— TASK TO COMPLETE —
Leave out all pictures while you copy the lines exactly from the one with "Dolgoprudny Gray Embellished Flower Headband" through the last line of the listing.

— PROVIDED DATA —
>>>

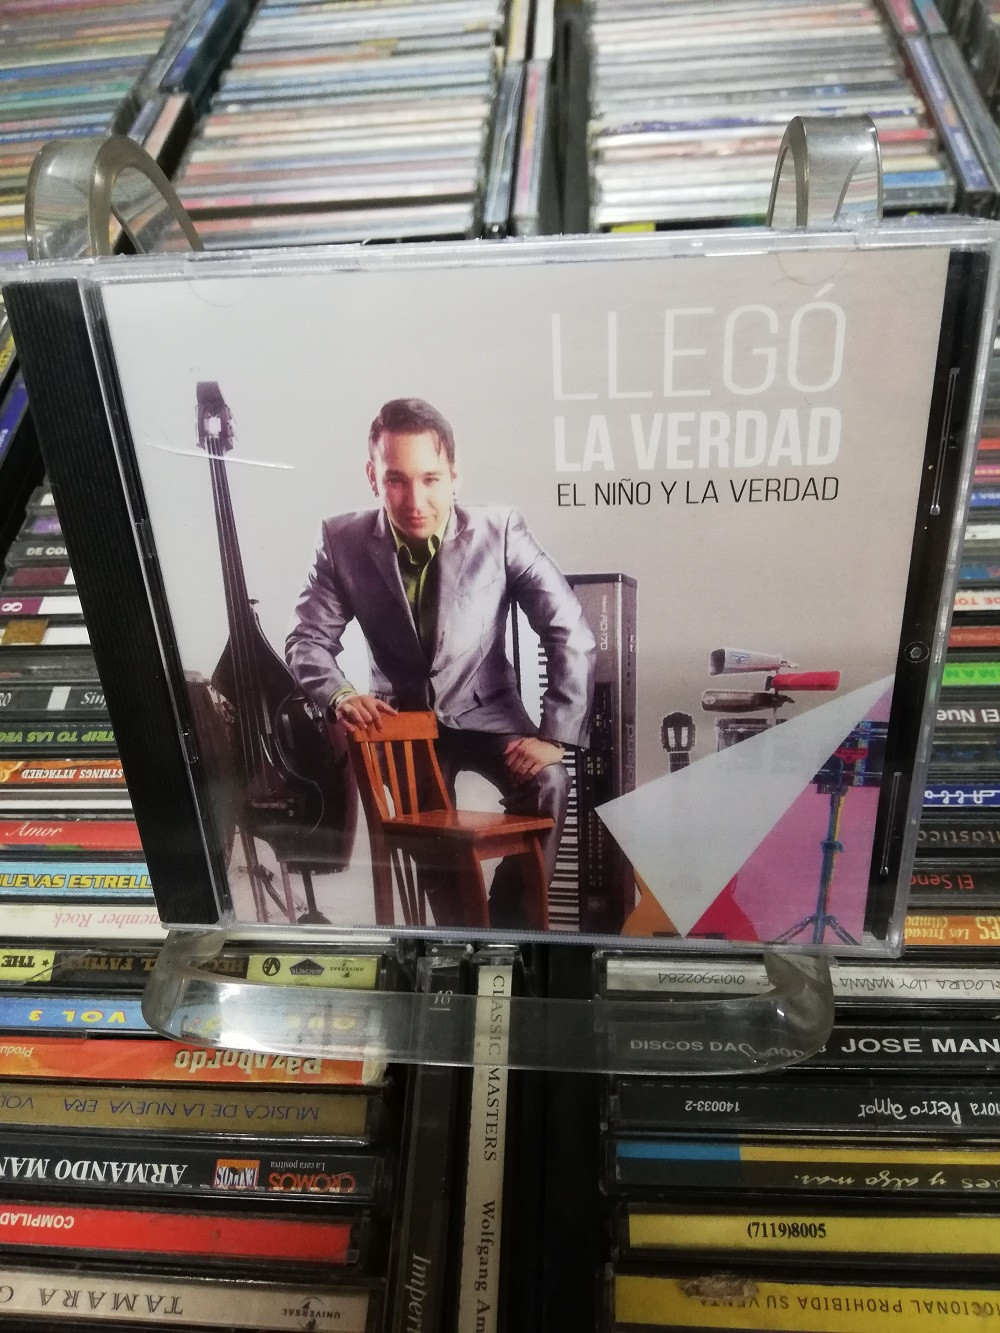 Imagen CD EL NIÑO Y LA VERDAD - LLEGO LA VERDAD
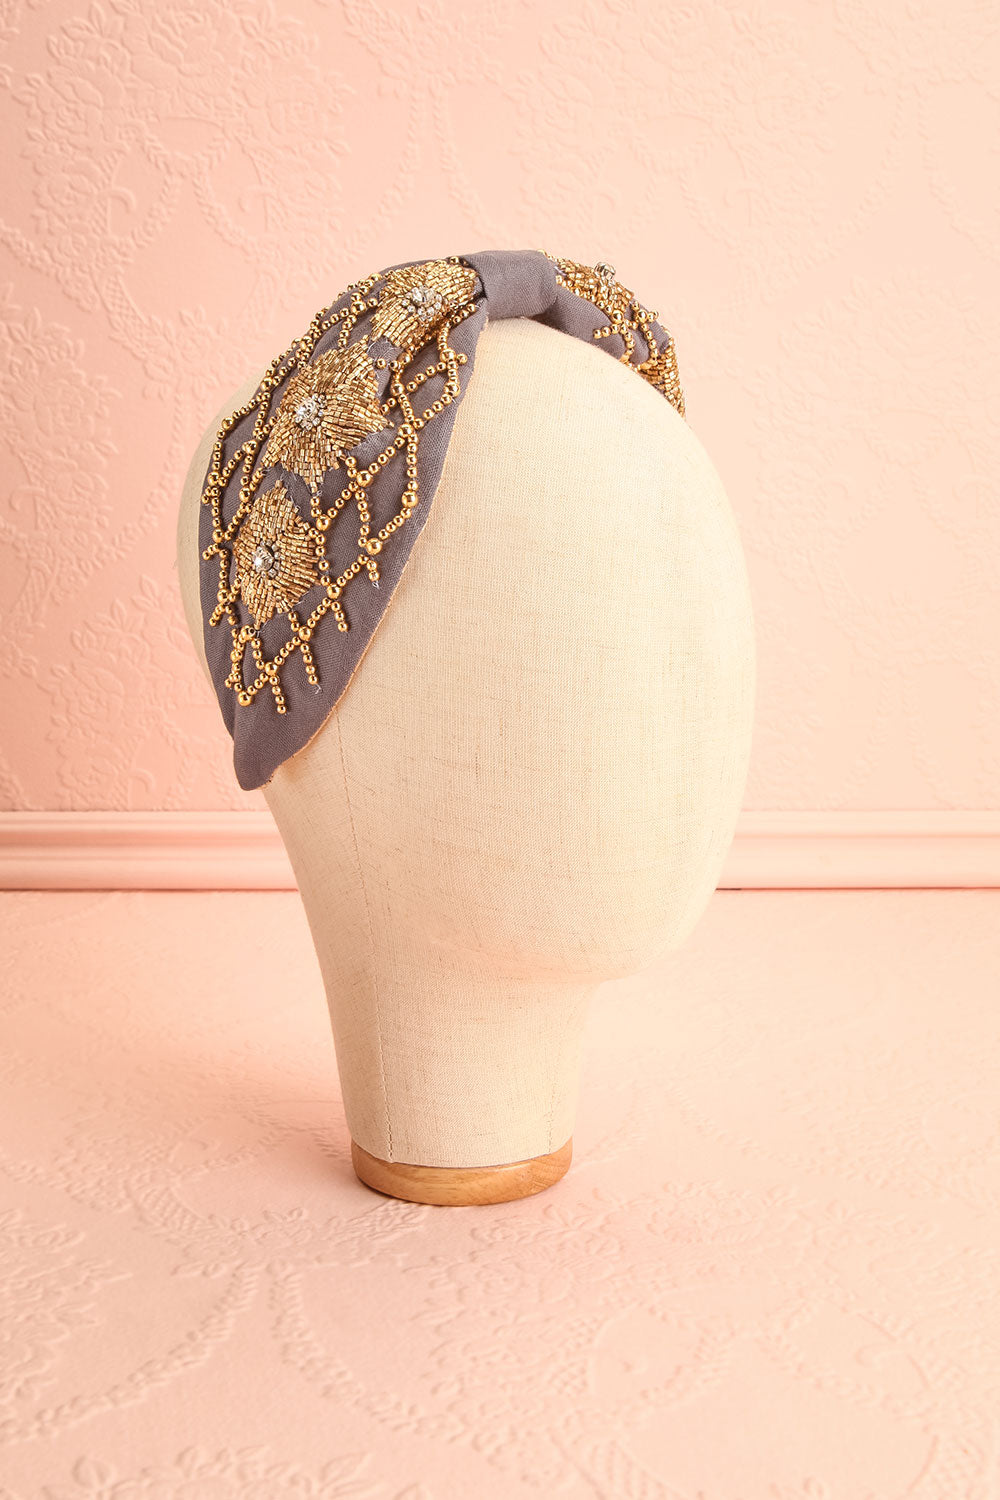 Dolgoprudny Gray Embellished Flower Headband
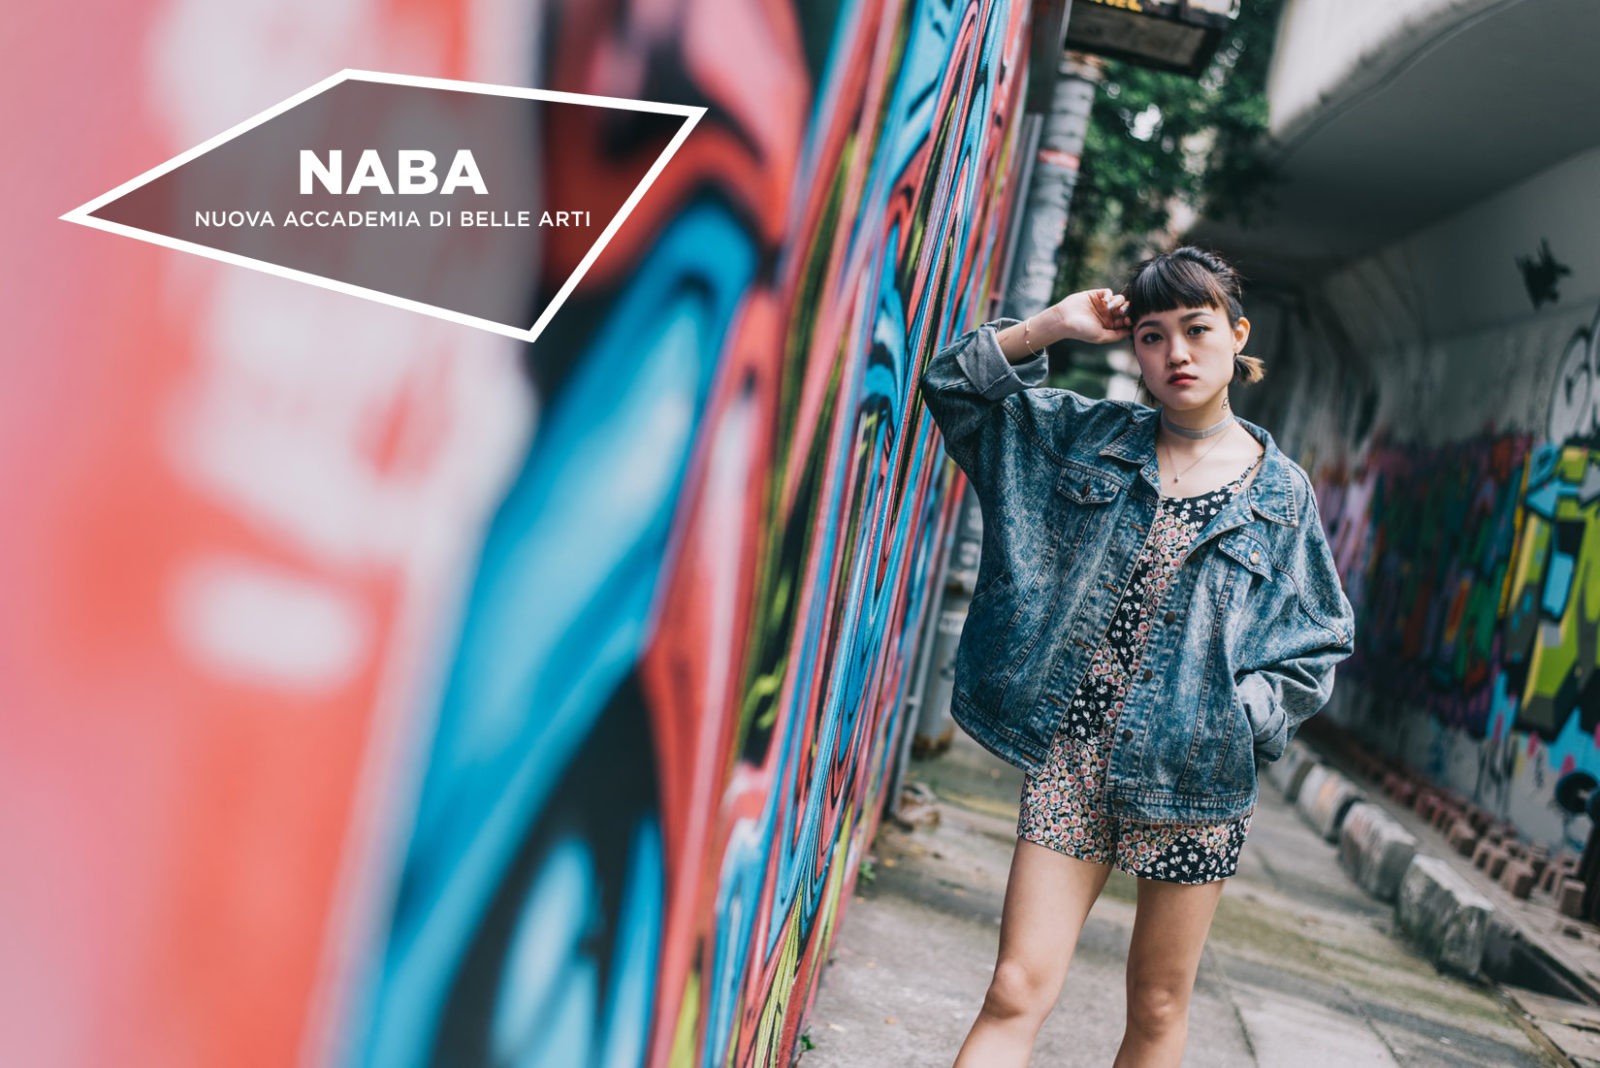 NABA: Бакалавриат по модному дизайну

<<<

— SOLUTION BELOW —
 Dolgoprudny Gray Embellished Flower Headband
 NABA: Бакалавриат по модному дизайну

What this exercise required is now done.